…Поначалу я даже испугался: ночь, в вестибюль входит незнакомец, а у меня, понимаете ли, пост. Испугался, но тут же, правда, и успокоился. Глаза у ночного гостя были ясные и любопытствующие. Я хочу сказать, они были любознательные и смотрели с интересом. Таких глаз не должно быть у преступника. Преступник ведь не сомневается: это хорошо, это плохо, а взять безусловно для него лучше, чем, допустим, отдать. А тут глаза с вопросом; пионерские, можно сказать, глаза. Он подошел к моему окну-проему с той вестибюльной его стороны и сказал: «Тут закрывают абычна. Я туалет хожу, — показал рукой в конец коридора. — Я живу здесь, в подваль. Я свой». И улыбнулся мне, сторожу. Дескать, не бойся. Толстые, обросшие щетиной губы раздвинулись и обнажили длинные желтые от курева зубы. Но зубы здоровые и крепкие, и как-то к тому же широко расставленные, что придавало улыбке особую, немного лукавую лихость. Он сходил в туалет, вернулся и, опять зайдя с той стороны проема, осторожно подвинул телефон, чтобы было куда облокотиться. Мы разговорились. Оказалось, он «жестянщик» и живет в нашем лабораторном корпусе в подвале, потому что подрядился отремонтировать тут в НИИТО крышу. Перекрыть ее. Есть, вообще-то, объяснил он, квартира в Октябрьском районе, у знакомой женщины. Последнее слово он произносит мягко и ласково: «женьщины» и с сильным непередаваемым на бумаге акцентом. А в НИИТО у него лежит «малчик», младший сын, и сам Цивьян один раз уже «малчика» оперировал. И опять расцветает ко мне медленная неотразимая его улыбка.

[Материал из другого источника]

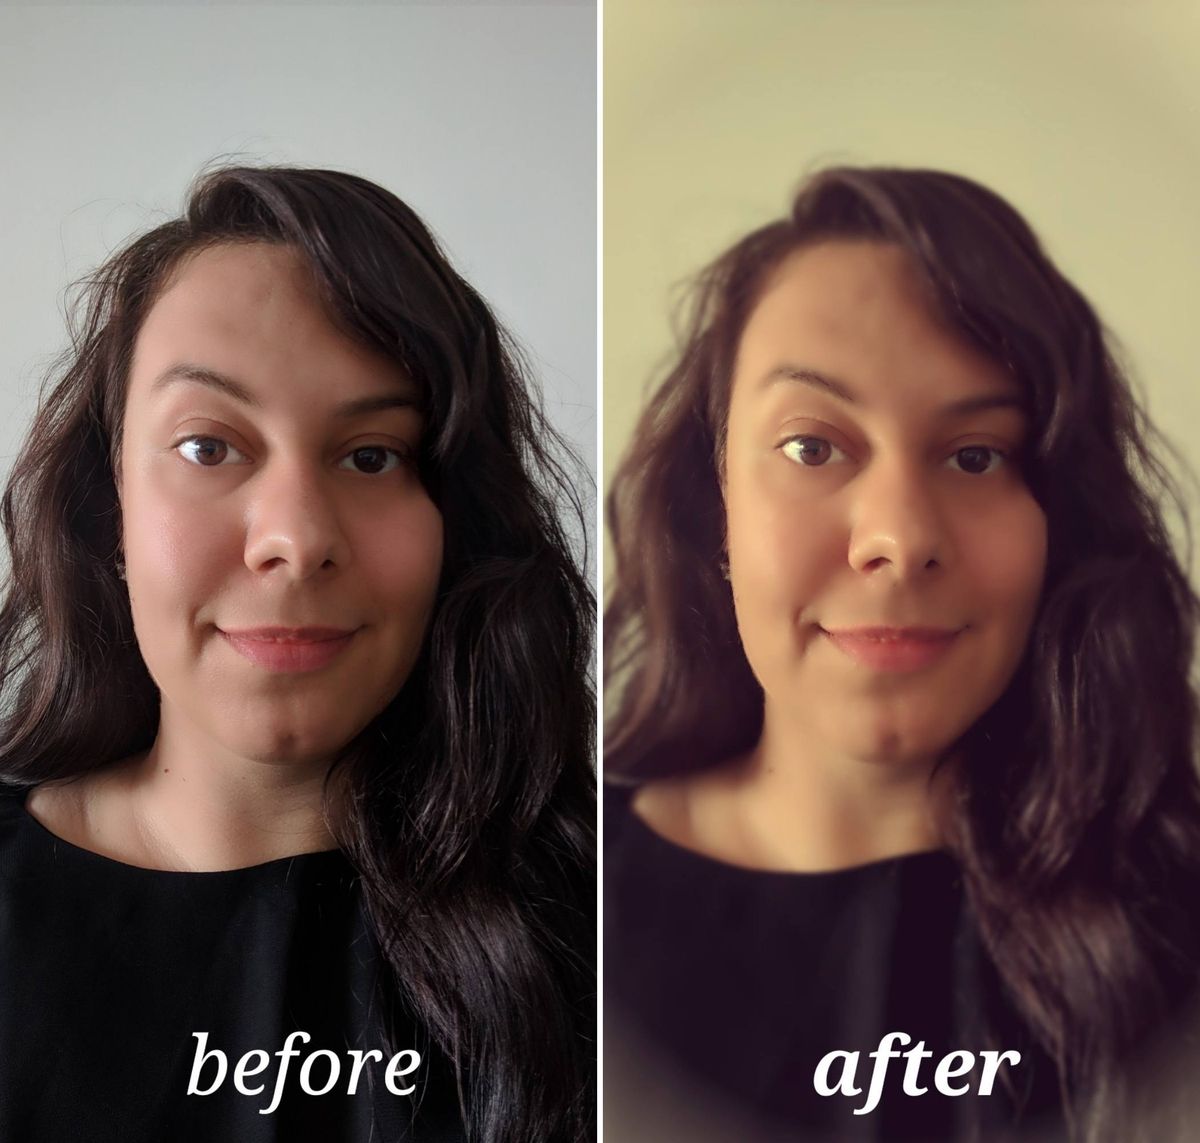 Pixlr enne ja pärast redigeerimist

У него, у моего ночного гостя, замечаю я, темные, с глубоким блеском глаза кавказского человека и восточный акцент, но пока я не догадываюсь еще о его национальности и не тороплюсь с этим. Разглядываю пока незаметно дальше. Волосы на темени седые, а над ушами черные. И стрижка полька, по послевоенной моде. Не под канадскую польку, как у нашего поколения, а просто «полька» или даже полубокс. Вся соль тут заключена в незаметности перехода с шеи к тому месту на затылке, где волос уже безусловно много и где сама прическа и начинается. Чем лучше был парикмахер, тем незаметнее, бывало, выполнялся им этот переход.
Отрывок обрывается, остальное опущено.